● DATASET SECTION:

Start of Block

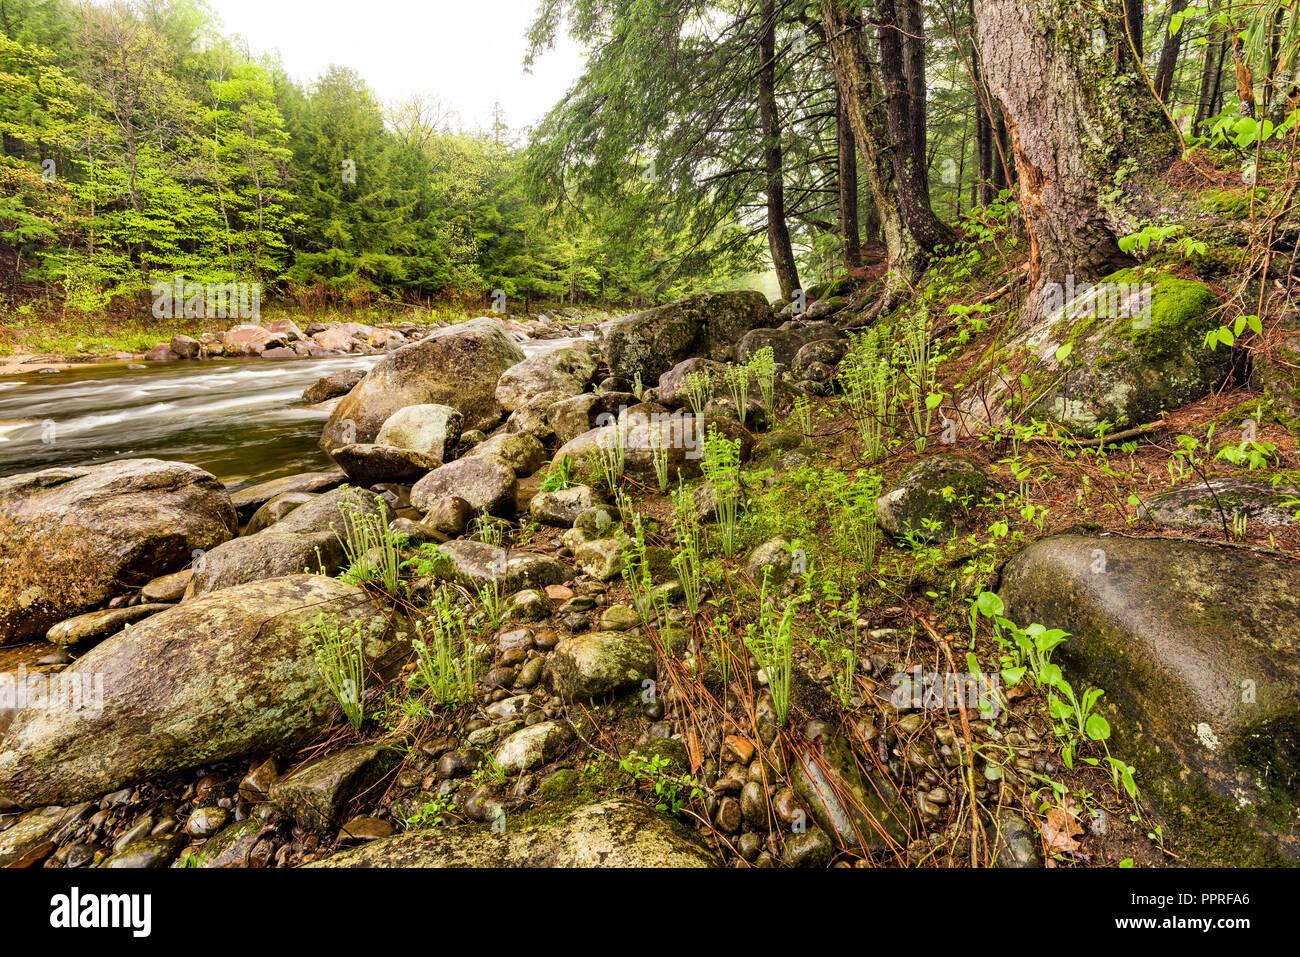 Fiddleheads and ferns along the bank of Sacandaga River, Adirondack Mountains, Hamilton Co., NY - Stock Image
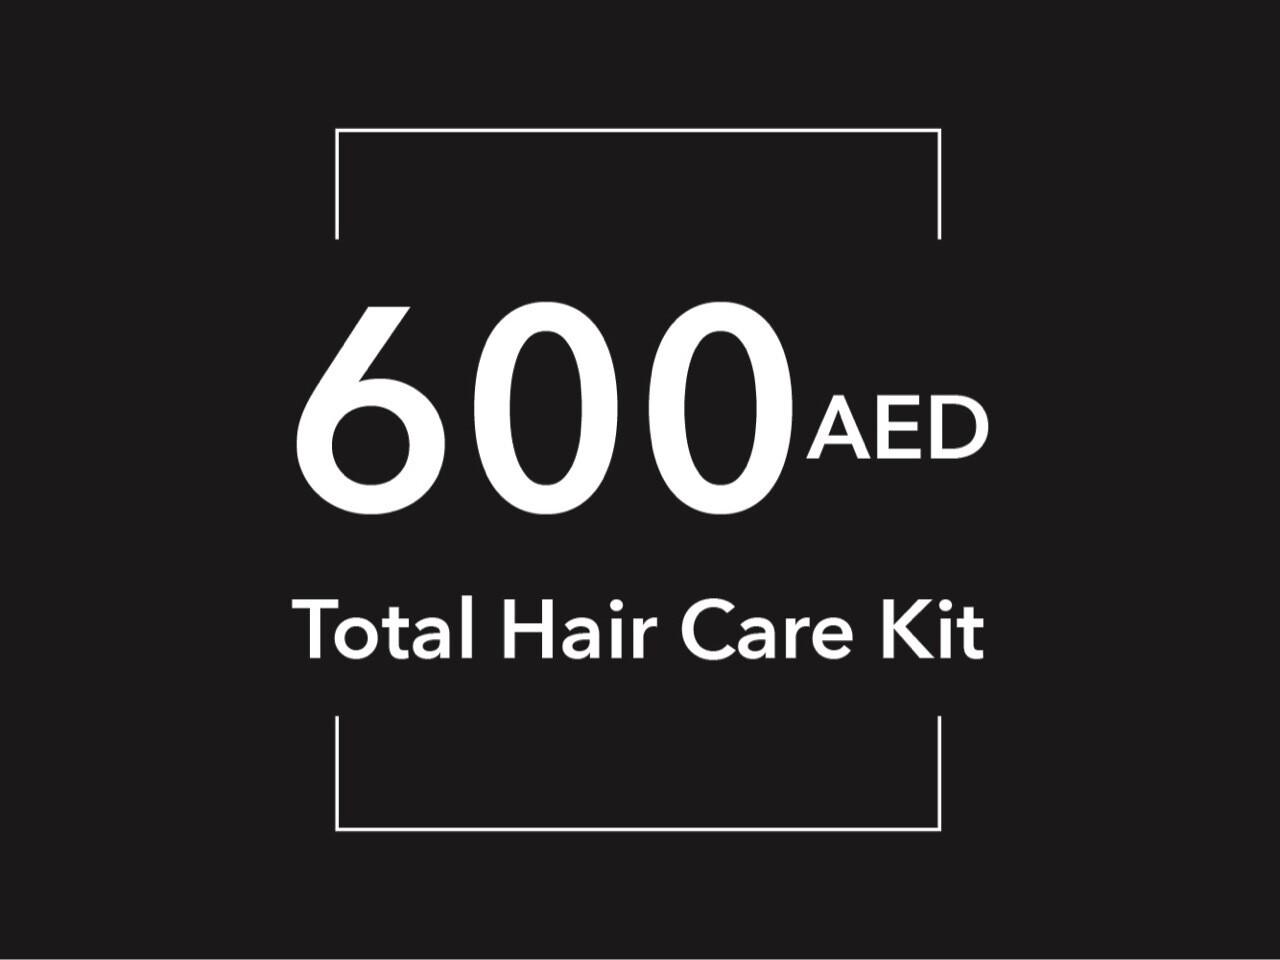 Total Hair Care Kit
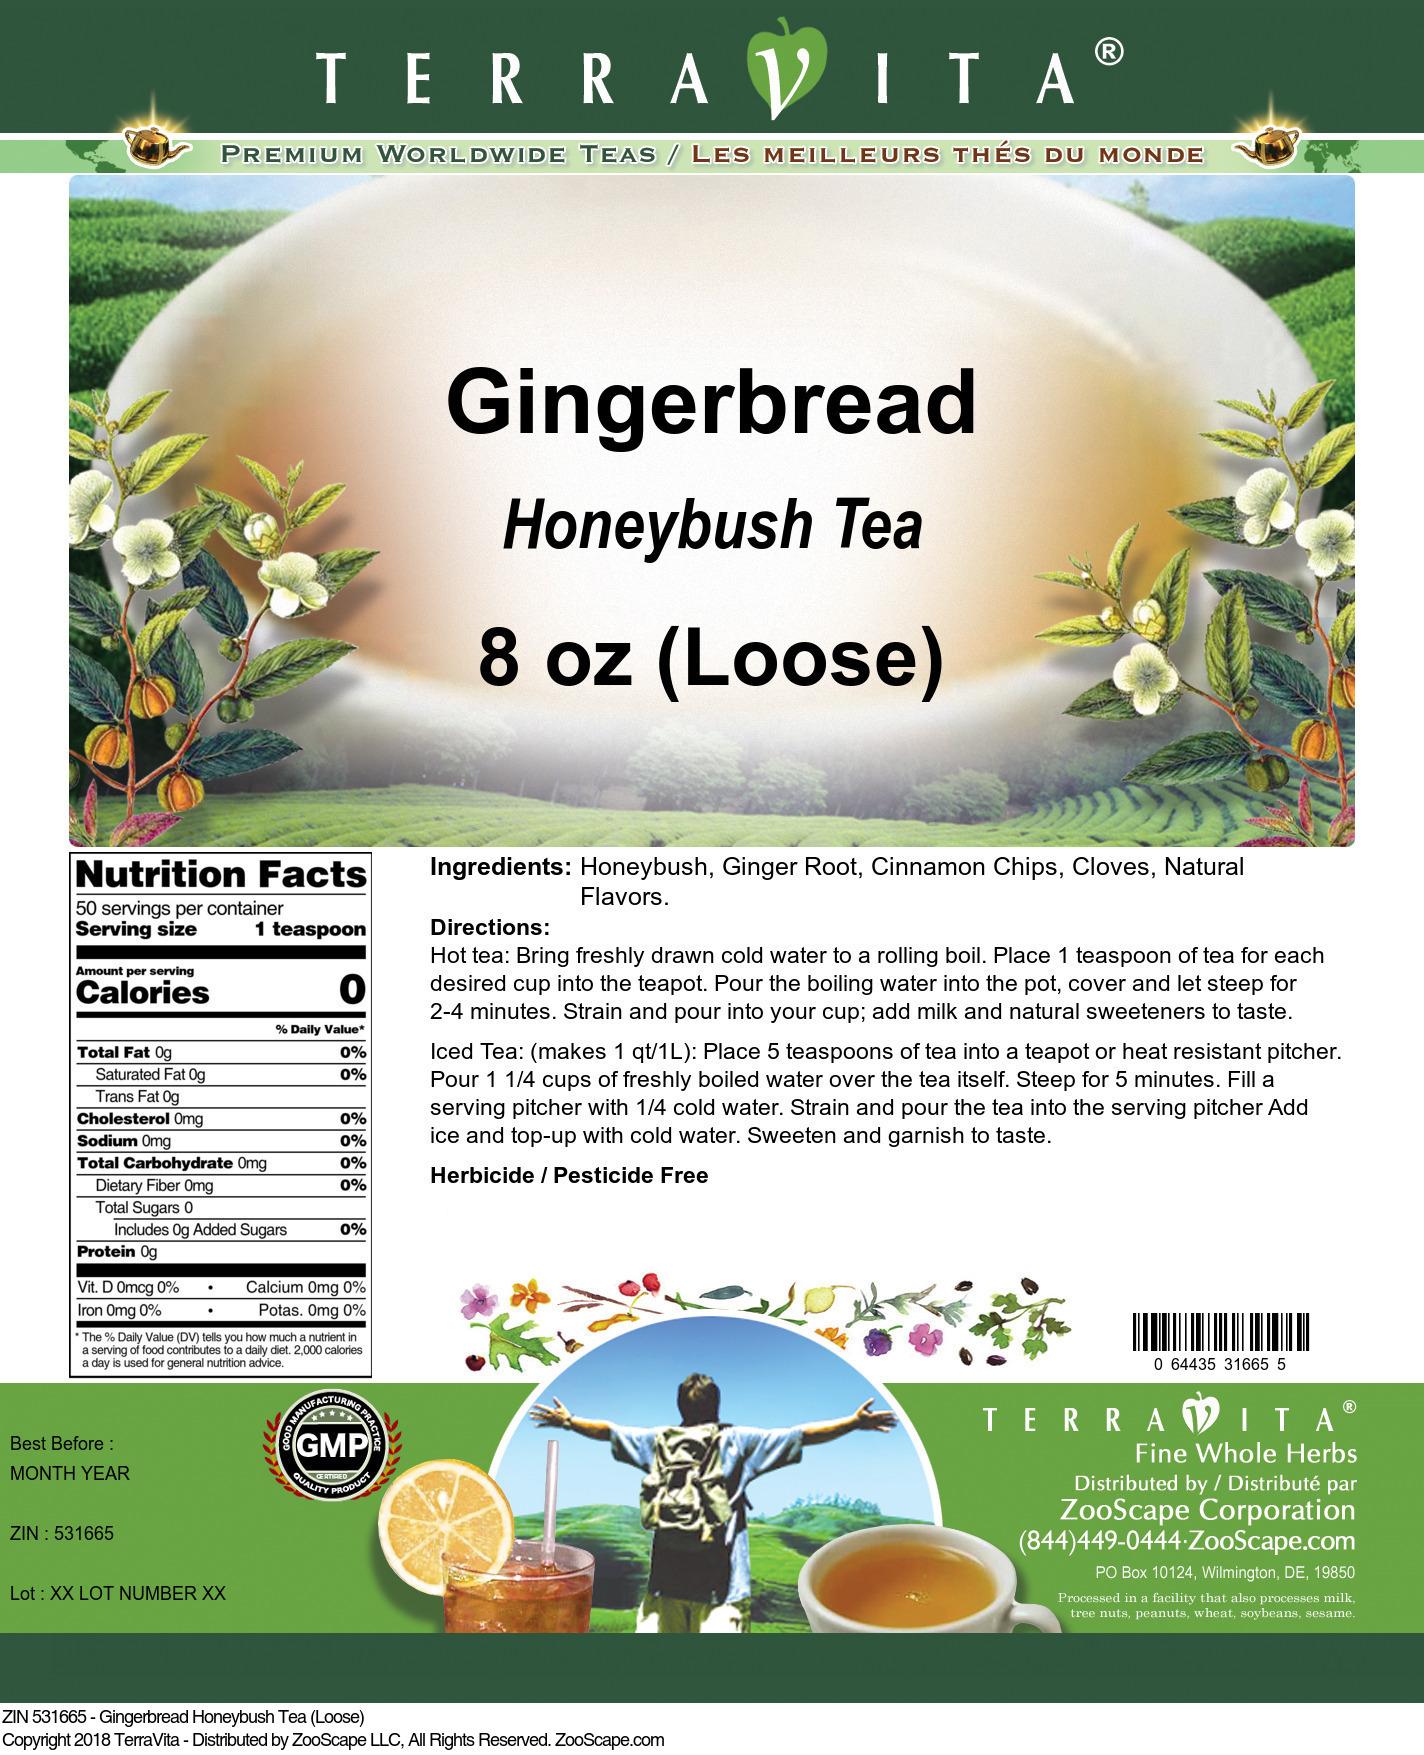 Gingerbread Honeybush Tea
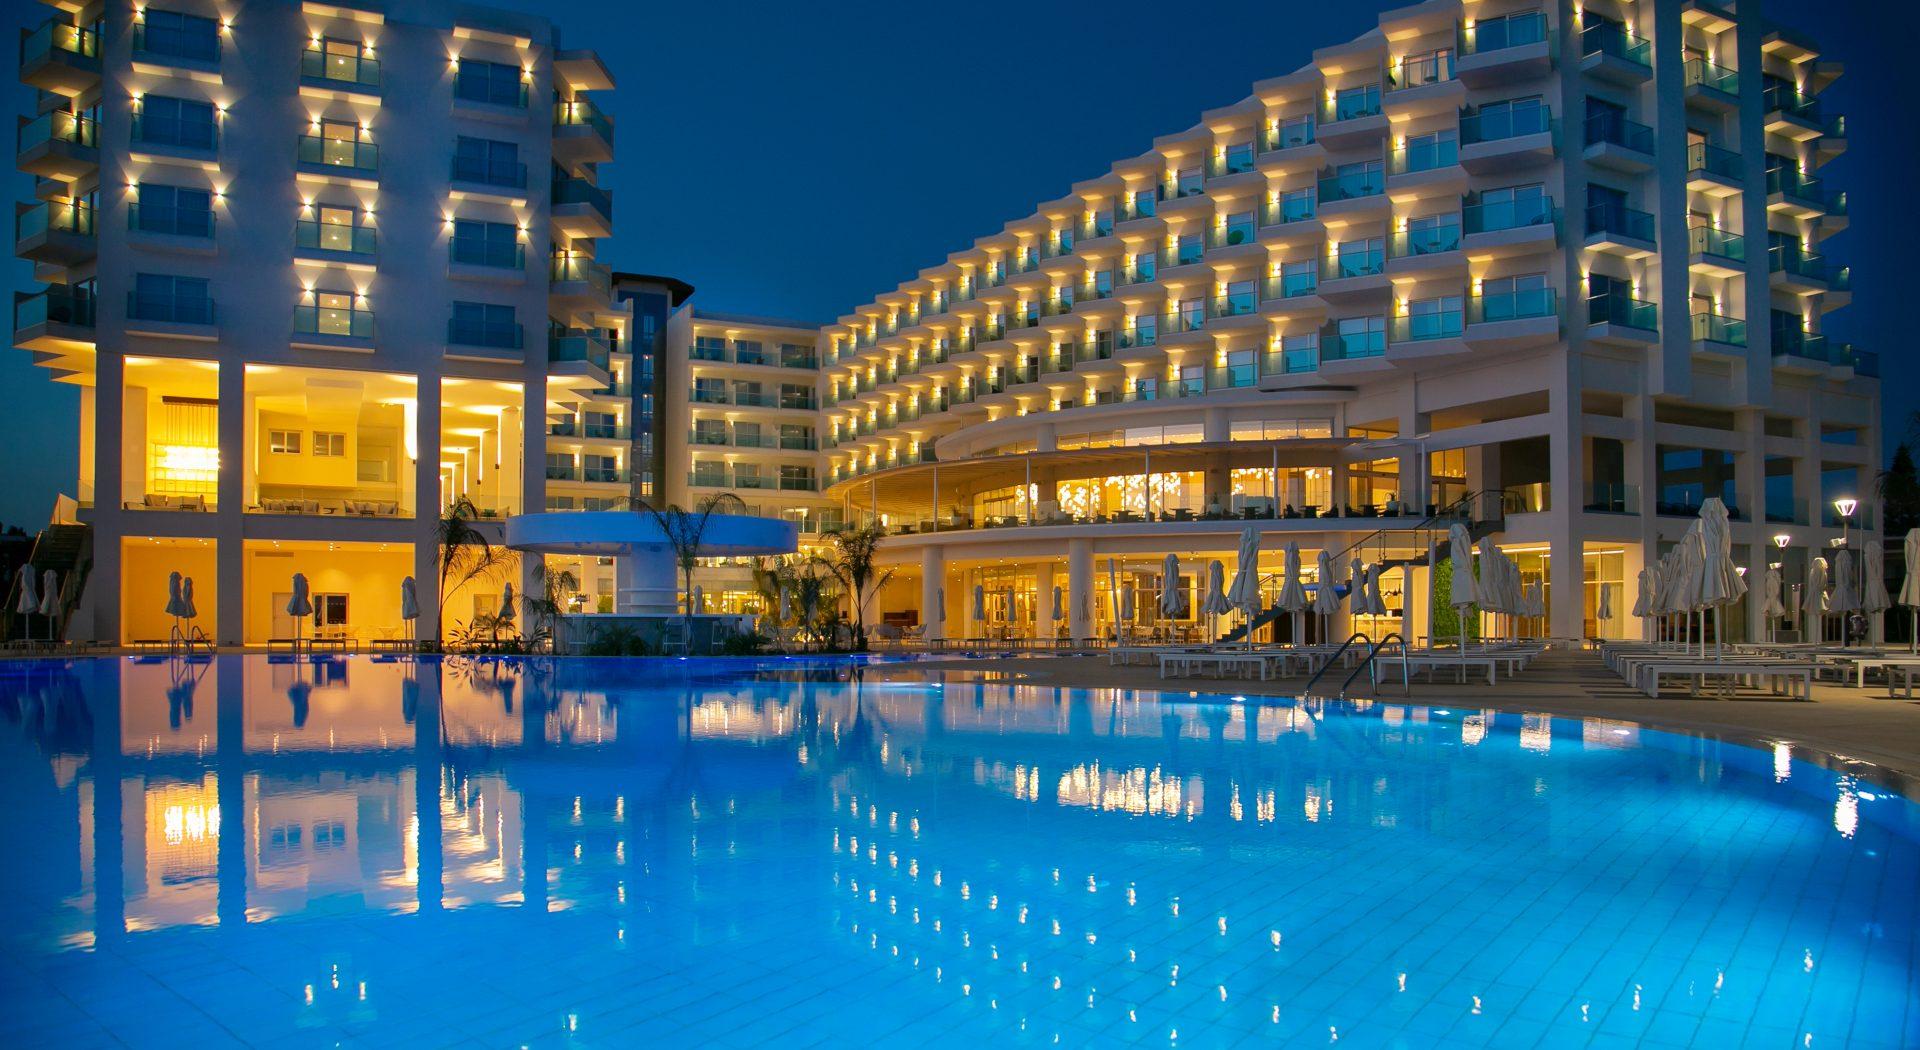 Letovanje, Kipar, Ayia Napa, Hotel Nissiblu Beach Resort, bazen nocu

End of Block

● EXERCISE OBJECTIVE:
Rewrite the data above exactly as given, but omit the images.

● SOLUTION TO THIS EXERCISE:
 Fiddleheads and ferns along the bank of Sacandaga River, Adirondack Mountains, Hamilton Co., NY - Stock Image
 Total Hair Care Kit
 Gingerbread Honeybush Tea
 Letovanje, Kipar, Ayia Napa, Hotel Nissiblu Beach Resort, bazen nocu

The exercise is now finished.